Talvez ele achasse que eu não o ajudaria se parasse por tempo o suficiente para o questionar.
Apreensão começou a tomar conta de mim conforme a cidade se tornava cada vez mais decadente conforme prosseguimos.
Não demorou muito para chegarmos a um beco.
Não estávamos sozinhos.
Uma outra criança se agarrava a mão de um homem. Era uma garotinha, não muito mais nova que o garoto ao meu lado. Ela estava igualmente surrada e abatida, olhando horrorizada para o beco vazio.
Segui o seu olhar. Não havia nada mais do que lixo no chão. Mantas velhas e desgastadas estavam jogadas umas sobre as outras formando o que deveria ser uma cama. Não havia ninguém ali. Porém uma mancha de sangue ainda molhada provava que há pouco tempo tinha havido.

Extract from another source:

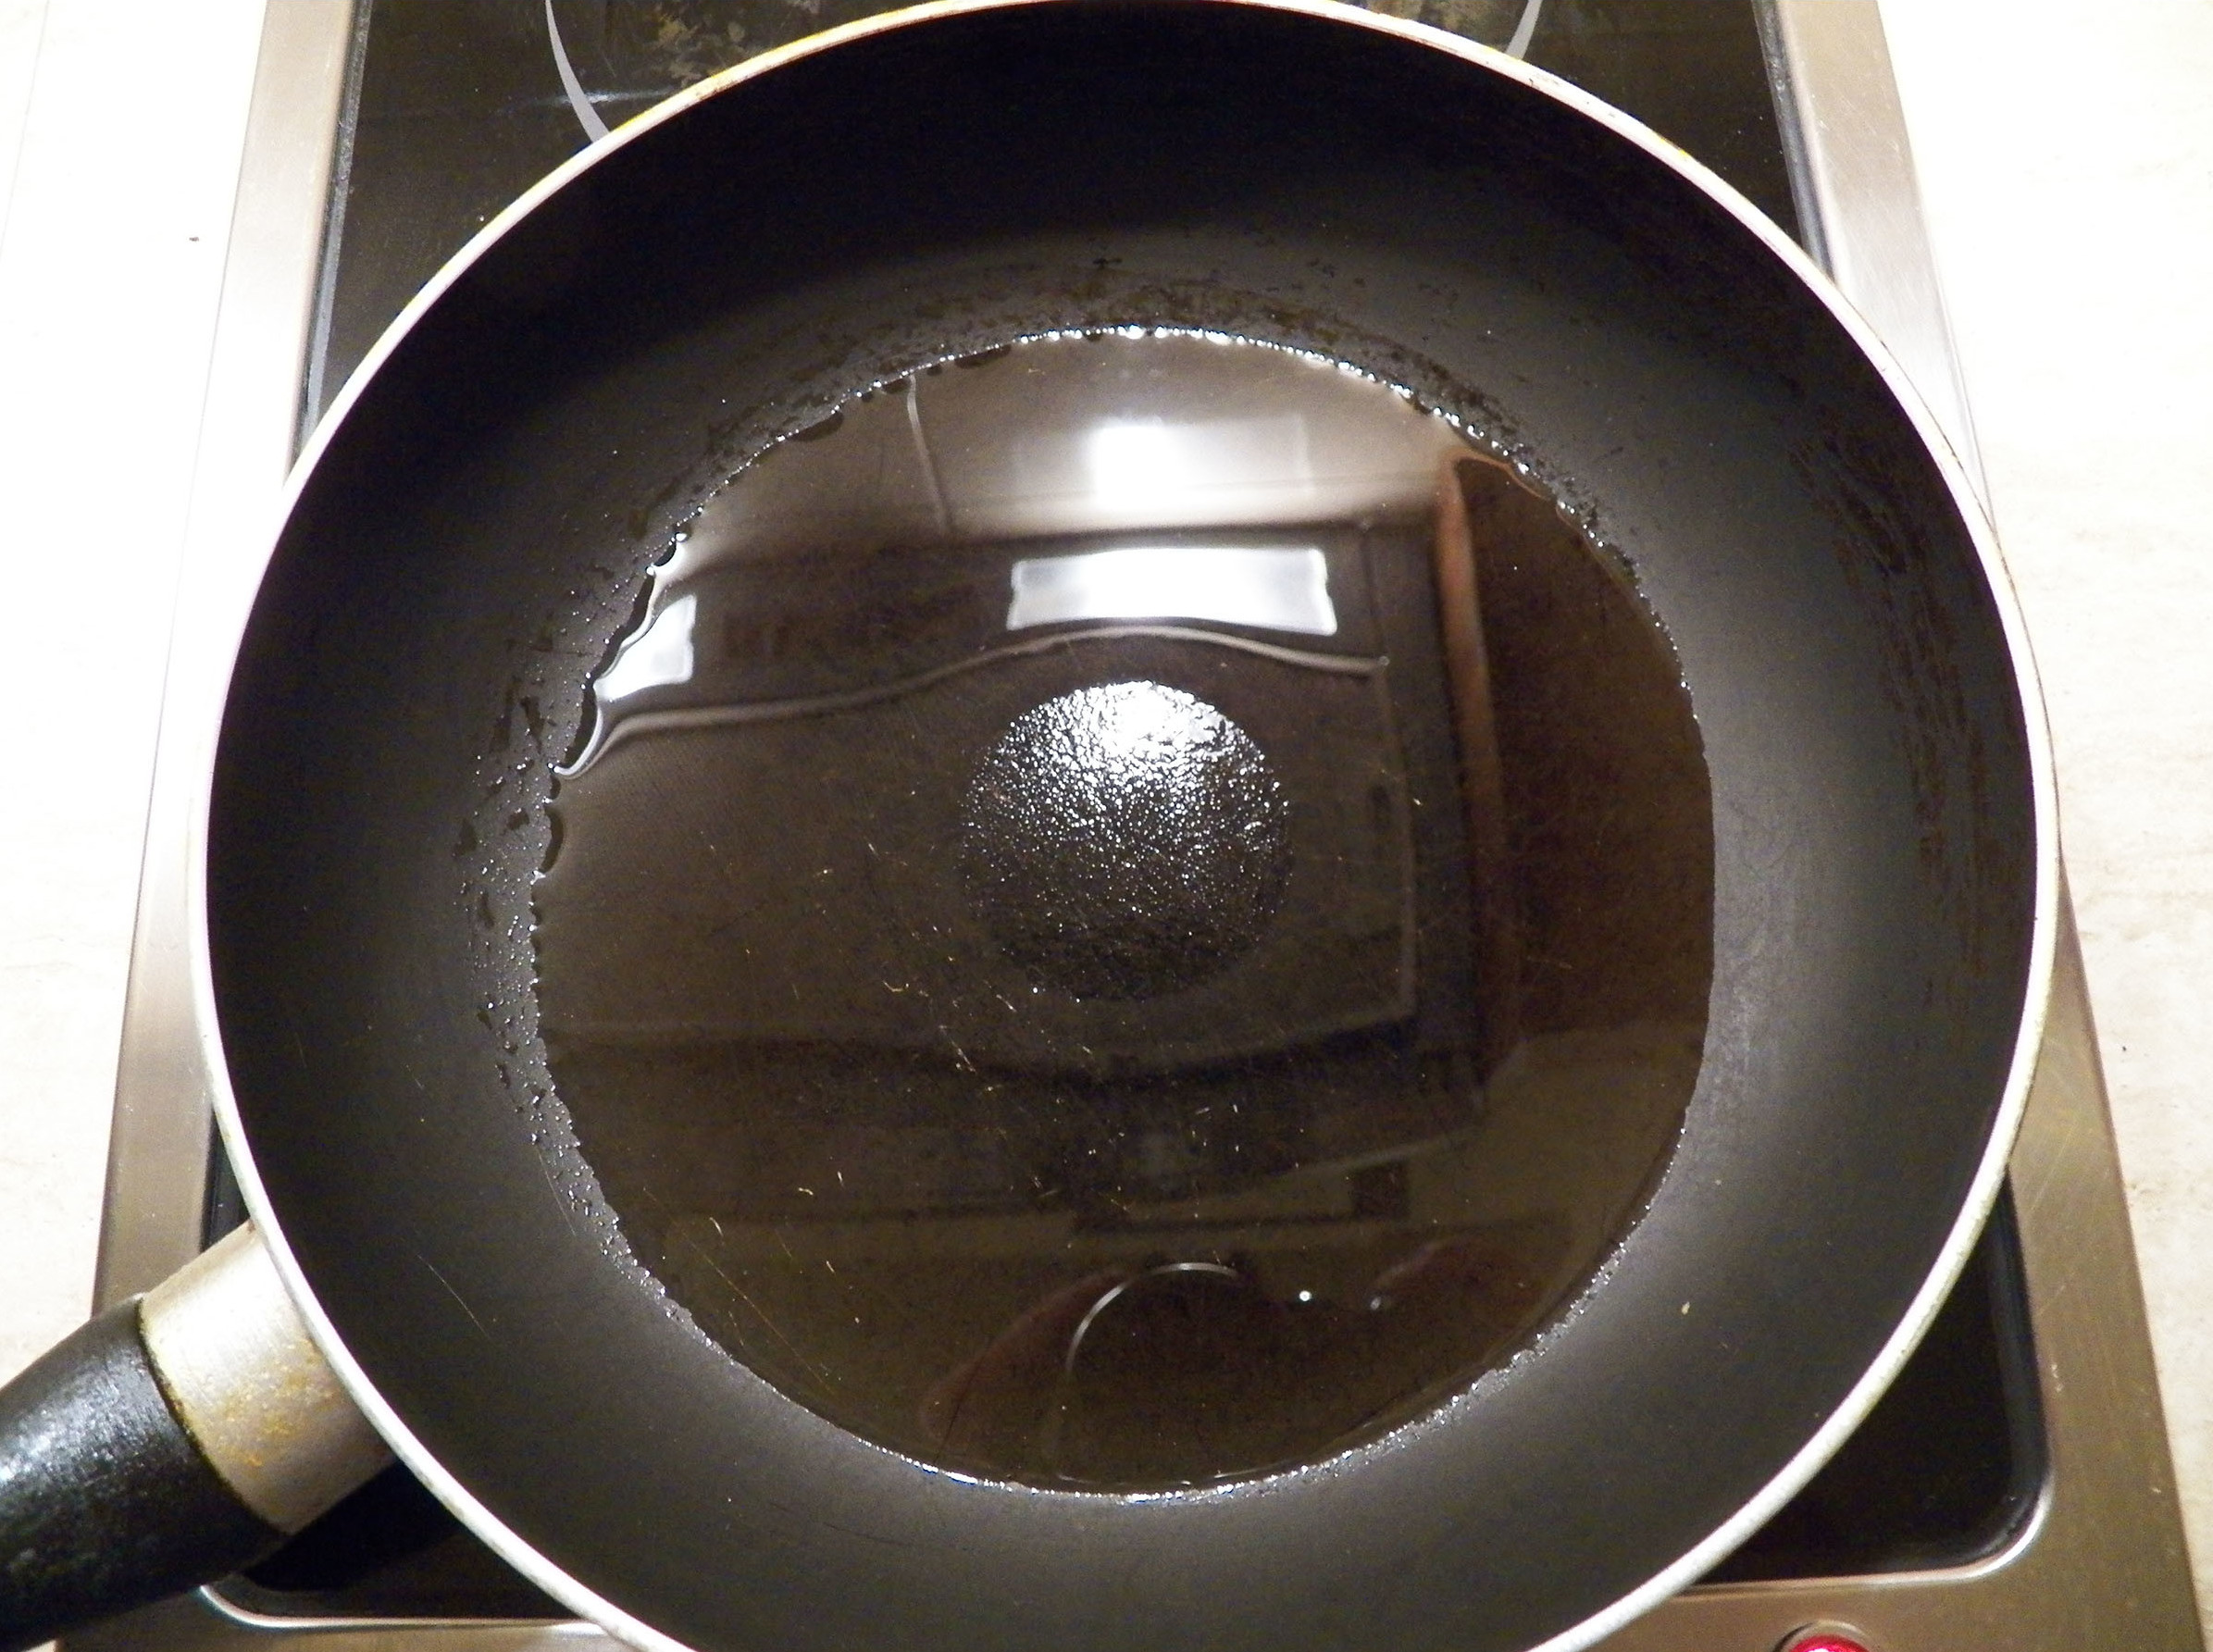 A Teflon pan showing the effect in action.  (Image: Alex Fedorchenko)

- Dana? - o menino que me trouxe perguntou atordoado.
A menina levou um momento para responder. Seu olhar grudado nos panos antes de se virar para o garoto.
- Irmão - sussurrou a garota - Ela não está mais aqui. Quando eu cheguei não estava, levaram ela...
A voz de alguma forma soou morta para um rosto tão jovem.
O menino olhou a garota atordoado por um segundo depois seguiu o olhar para as mantas sujas, quase com medo. Seu rosto ficou pálido conforme ele encarava a mancha de sangue fixamente.
Olhei para as crianças sem entender.
- Garoto? O que está acontecendo? Onde está sua mãe?
Minha voz pareceu chamar sua atenção.
Ele me olhou por um segundo antes de responder.
- Eu apenas fui buscar ajuda - ele engoliu em seco, a voz de repente trêmula - mamãe... Ela estava sangrando muito... Eu e minha irmã saímos para buscar ajuda... e então...
Eles parou, um soluço escapando dele antes que o engolisse a força.
- Pensei que haveria pessoas pra ajudar na taverna... Eles tem dinheiro lá... mamãe disse que pessoas com dinheiro podem quase tudo...
Olhei para o menino abalado sem entender nada. Ele não estava fazendo sentido.
- Sua mãe foi sequestrada?
Tomei um susto com a voz do homem ao lado. De alguma forma tinha esquecido sua presença ali.
Ele ainda segurava a mão da garota abatida. Olhei para ele por um momento... Ele parecia vagamente familiar.
E ele era bonito, muito bonito.
As roupas que ele usava não pareciam surradas como as do restante da cidade. Haviam vários adereços com ele. Vi dois anéis em seus dedos. Anelar e indicador respectivamente. Suas orelhas também estavam furadas com pequenas esferas de ouro. Ele se destacava na cidade em que a maioria das pessoas parecia mal ter o bastante para se alimentar.
Seu cabelo era de um louro pálido trançado nas costas, seu rosto angular e simétrico se encaixava perfeitamente com os olhos verdes, aumentando ainda mais minha sensação de reconhecimento.
Ele quase parecia... Lianof.
Senti todo a cor drenar do meu rosto conforme me dava conta. Não parecia exatamente Lianof.
Mas outra criança, em outro lugar e outra época.
Imagens de um garoto prestes a ser esmagado por um javali selvagem veio a minha mente.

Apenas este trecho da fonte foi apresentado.